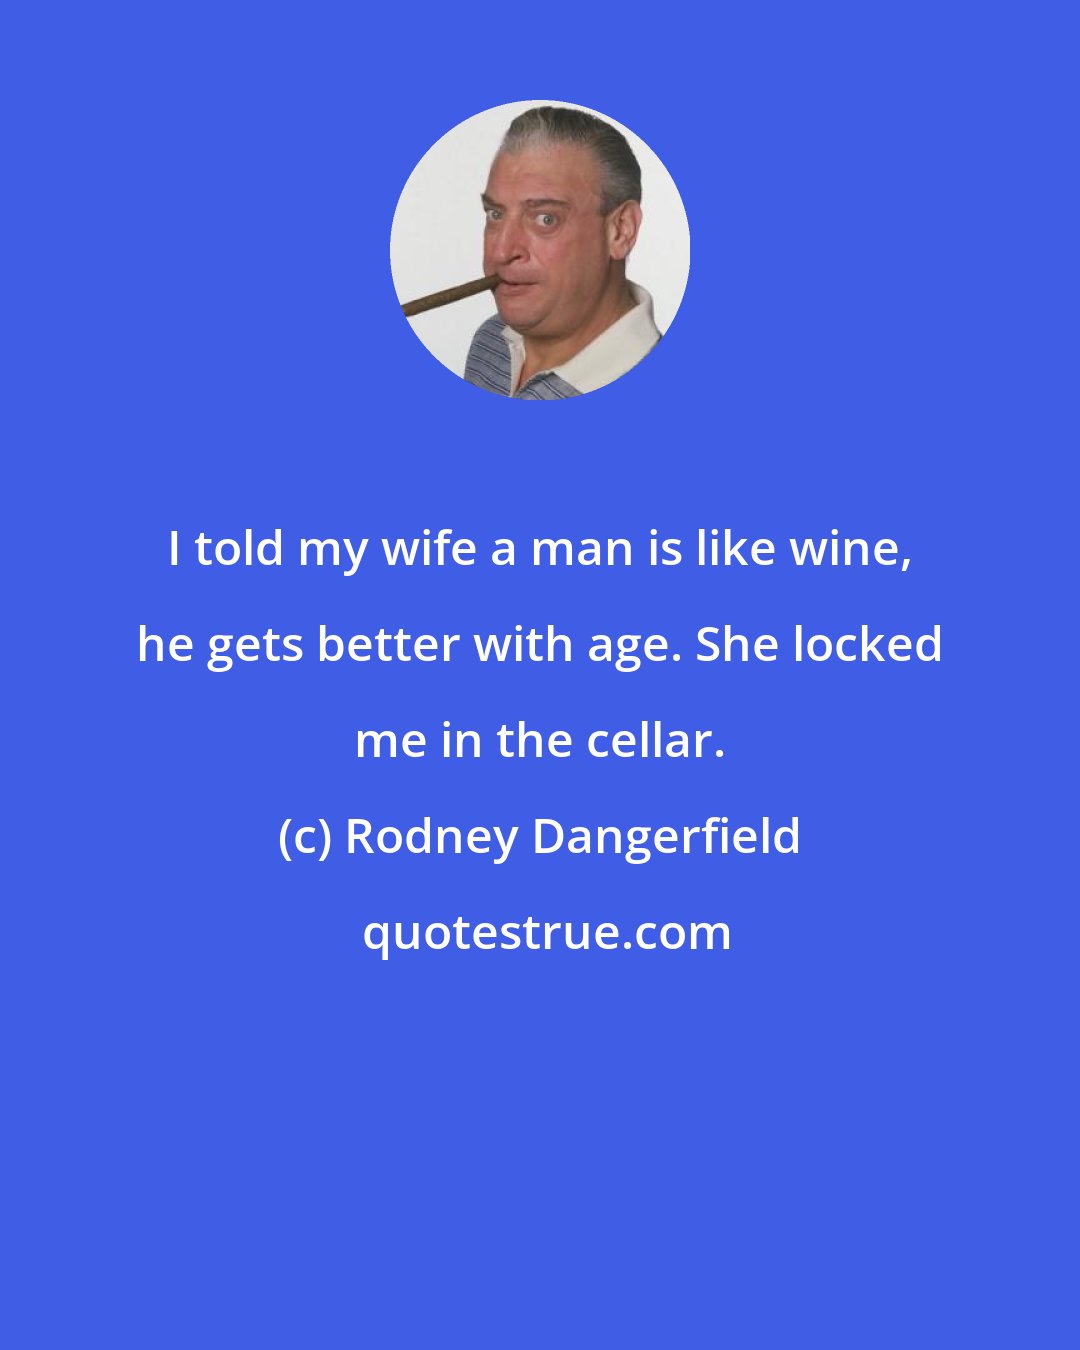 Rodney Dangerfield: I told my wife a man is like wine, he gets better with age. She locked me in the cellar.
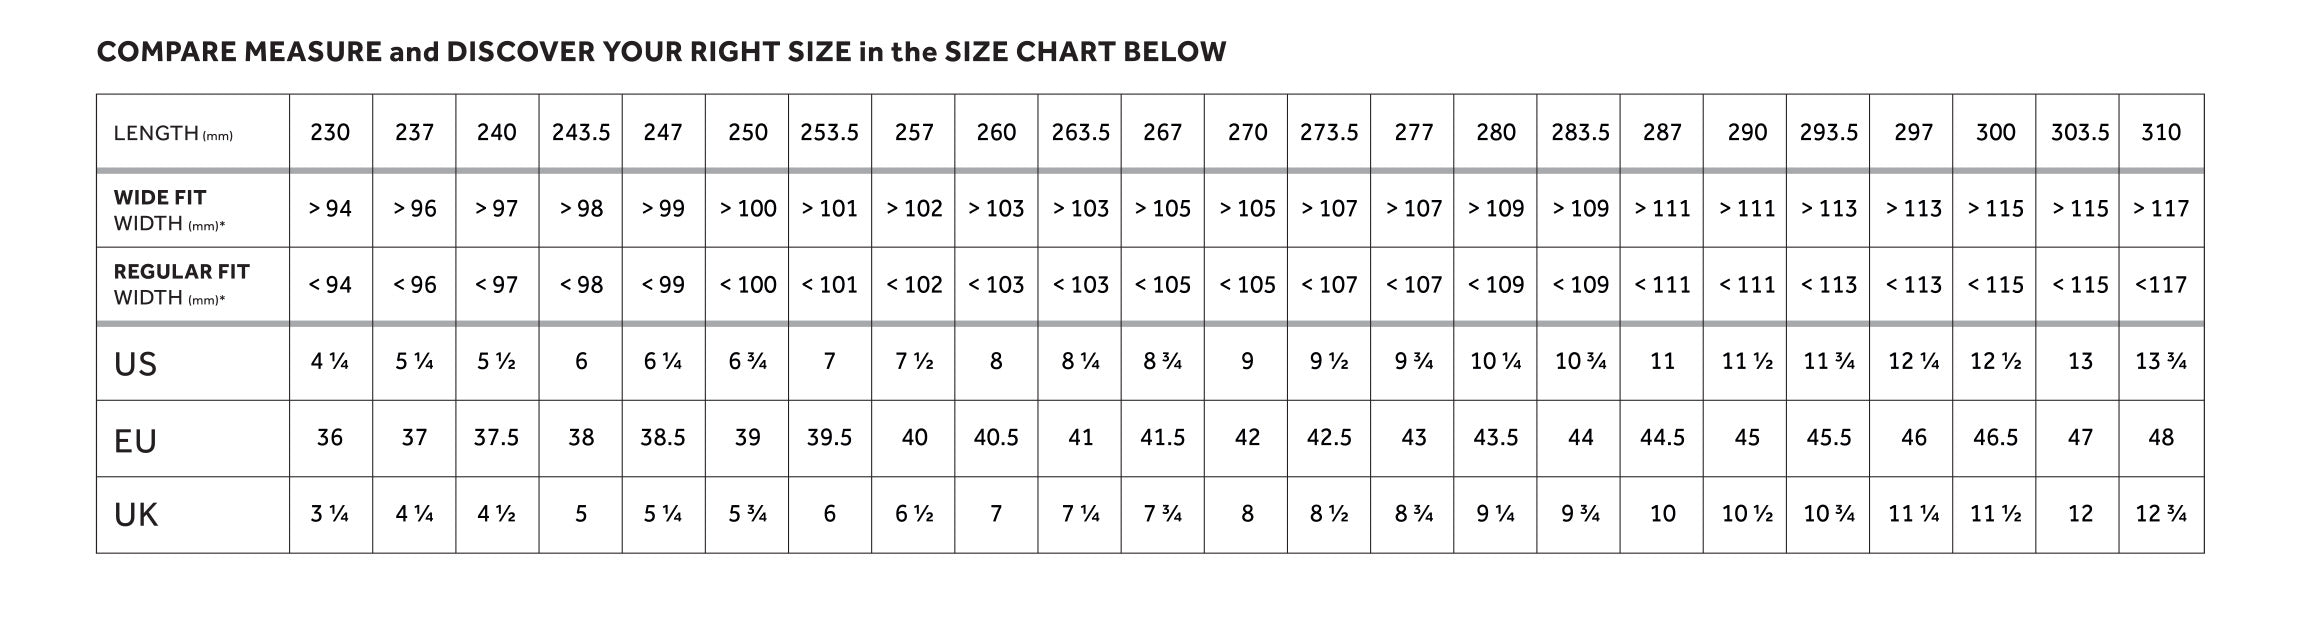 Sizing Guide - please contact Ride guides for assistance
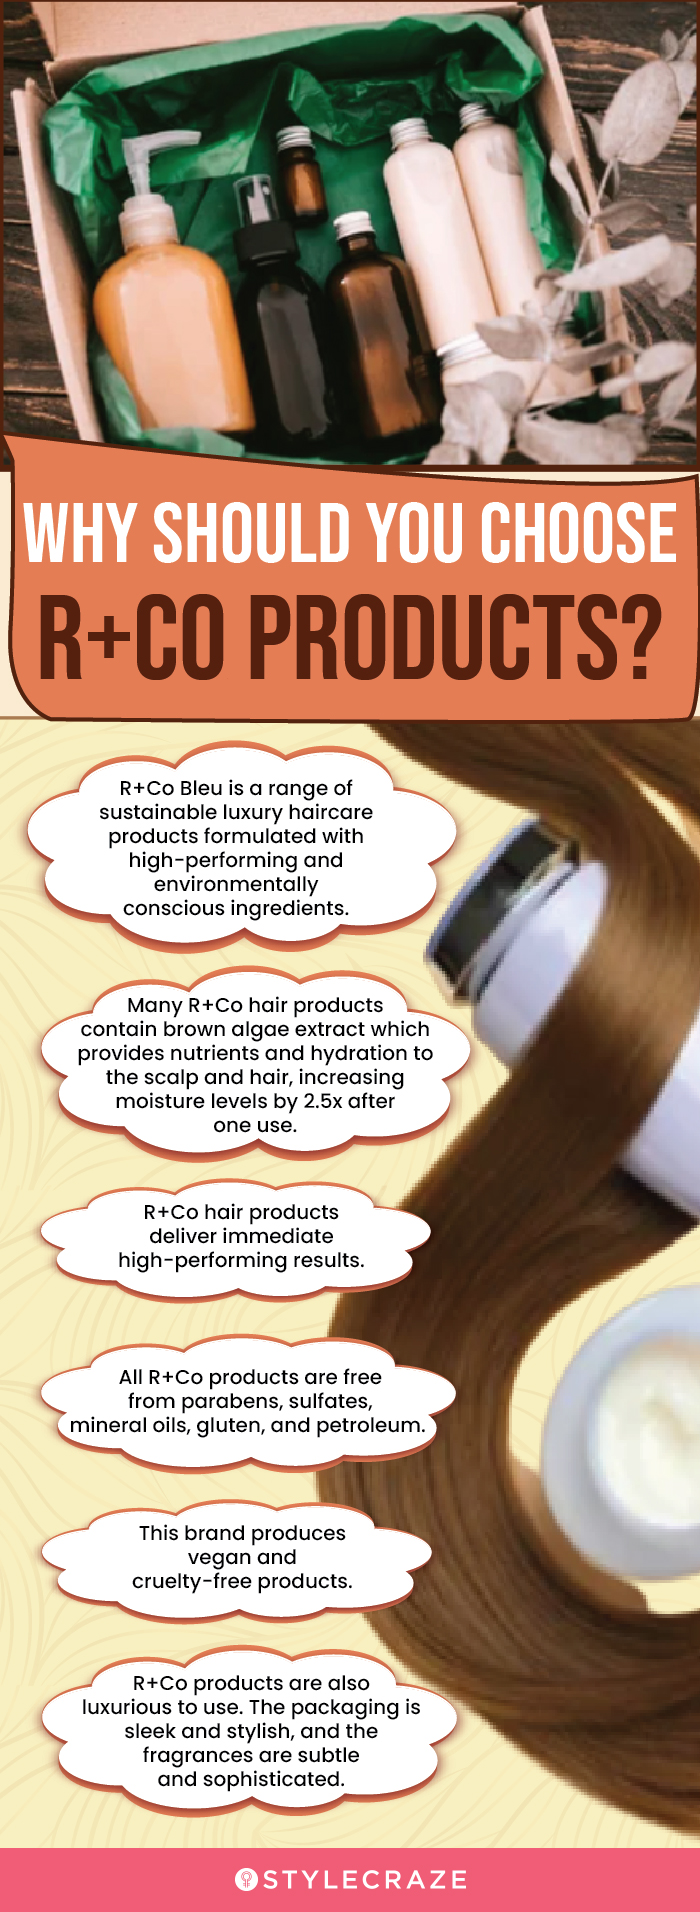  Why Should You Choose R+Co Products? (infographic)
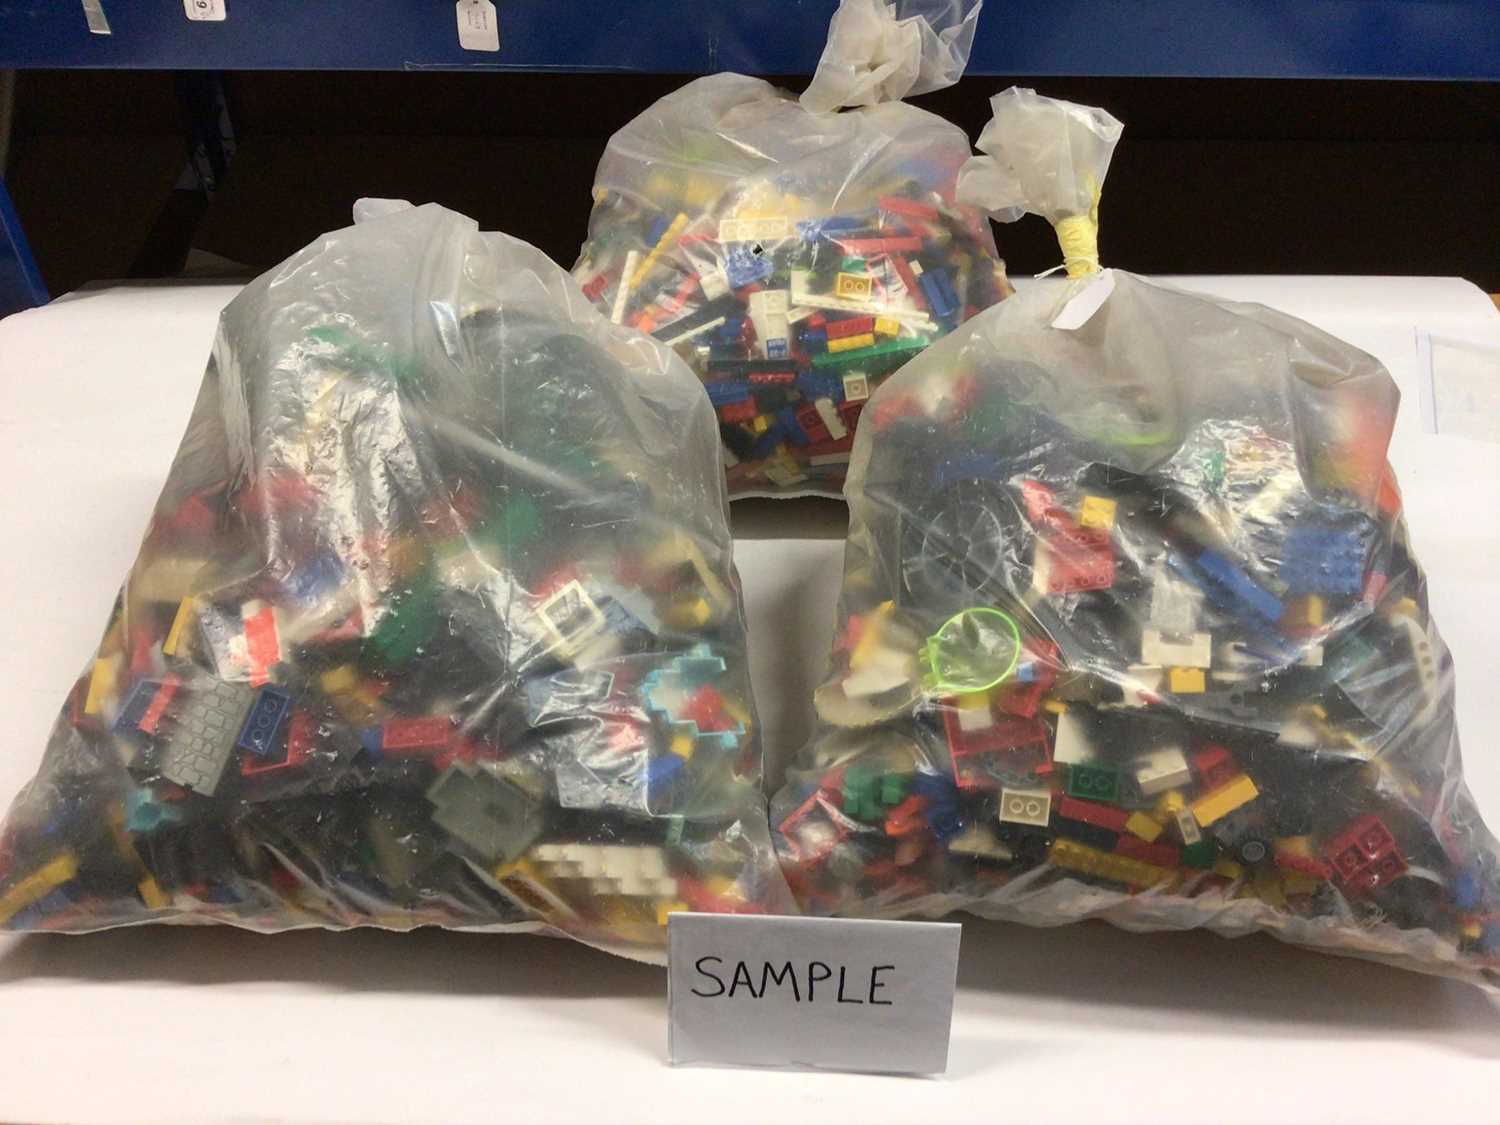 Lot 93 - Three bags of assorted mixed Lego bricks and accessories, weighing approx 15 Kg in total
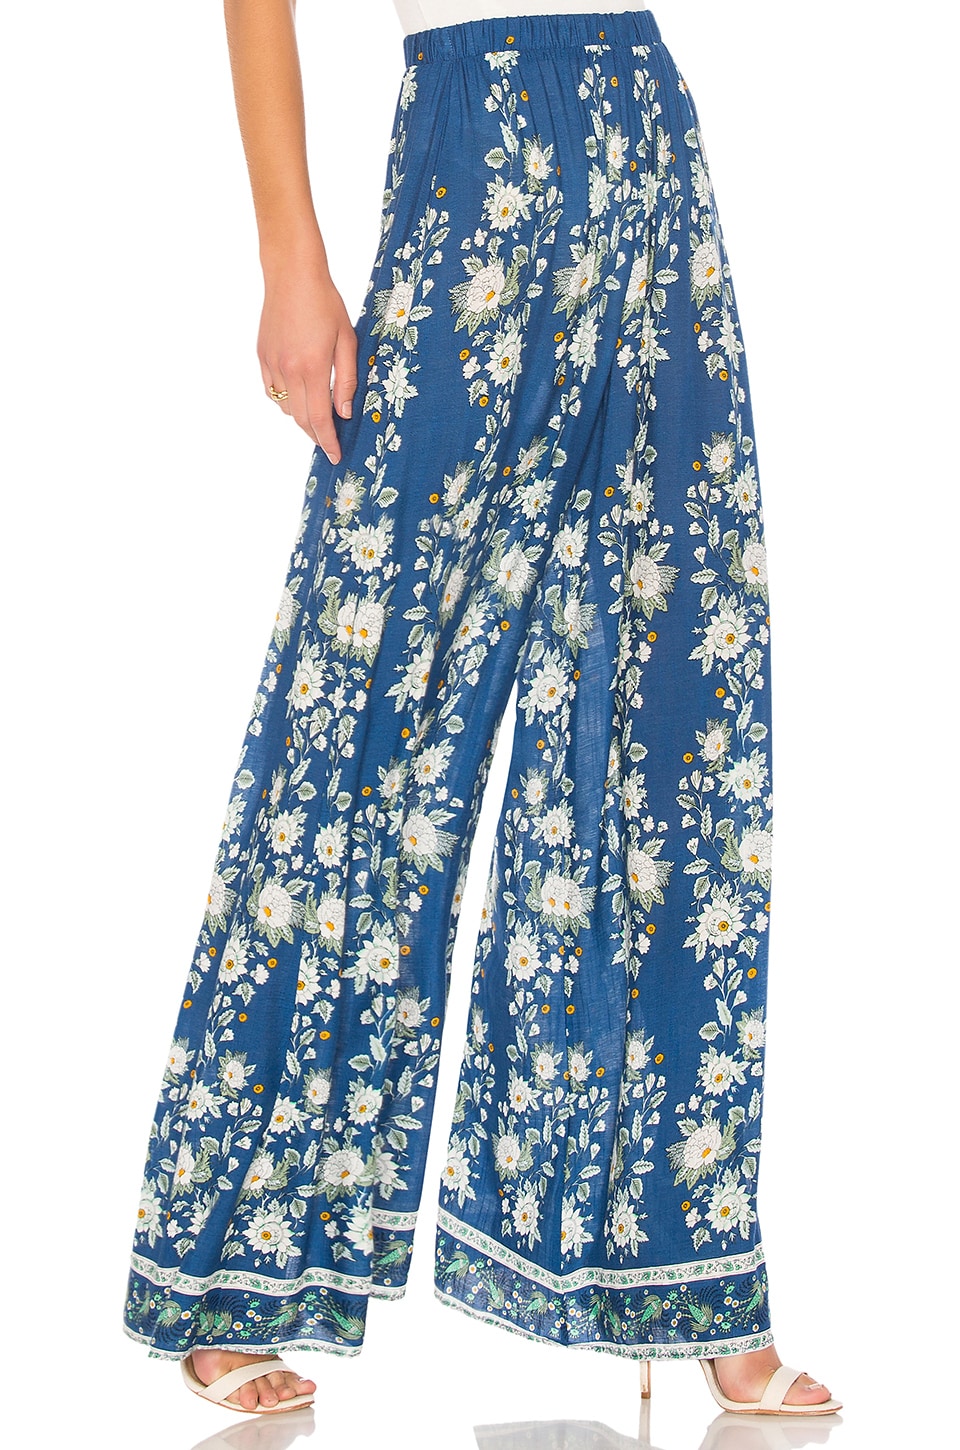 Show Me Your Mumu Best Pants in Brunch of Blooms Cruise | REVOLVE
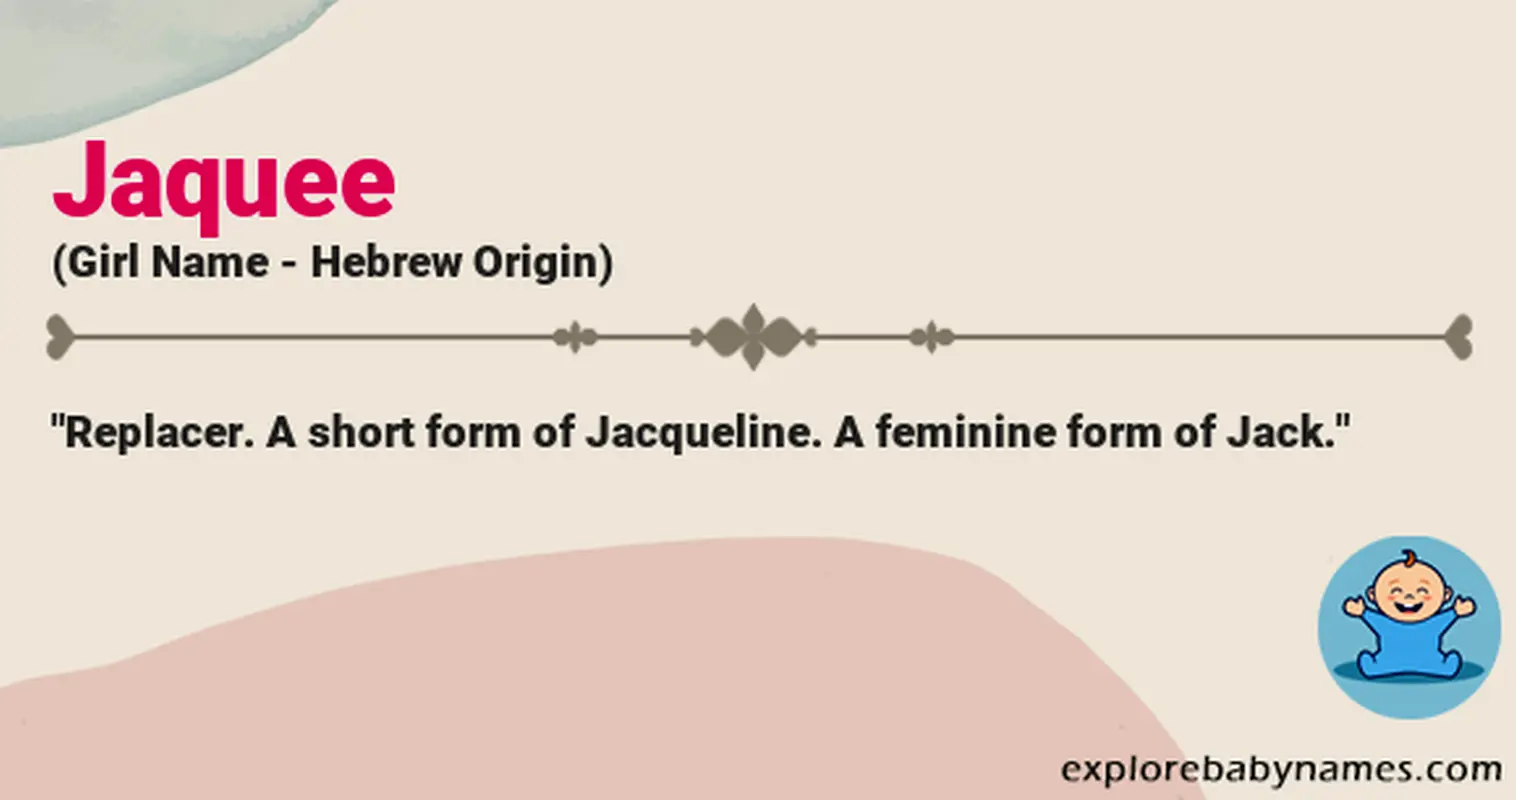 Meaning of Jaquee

Directions for this task:
Give the entries again exactly, but skip every image.

Exercise output:
 Rodney Dangerfield: I told my wife a man is like wine, he gets better with age. She locked me in the cellar.
 Sizing Guide - please contact Ride guides for assistance
  Why Should You Choose R+Co Products? (infographic)
 Lot 93 - Three bags of assorted mixed Lego bricks and accessories, weighing approx 15 Kg in total
 Show Me Your Mumu Best Pants in Brunch of Blooms Cruise | REVOLVE
 Meaning of Jaquee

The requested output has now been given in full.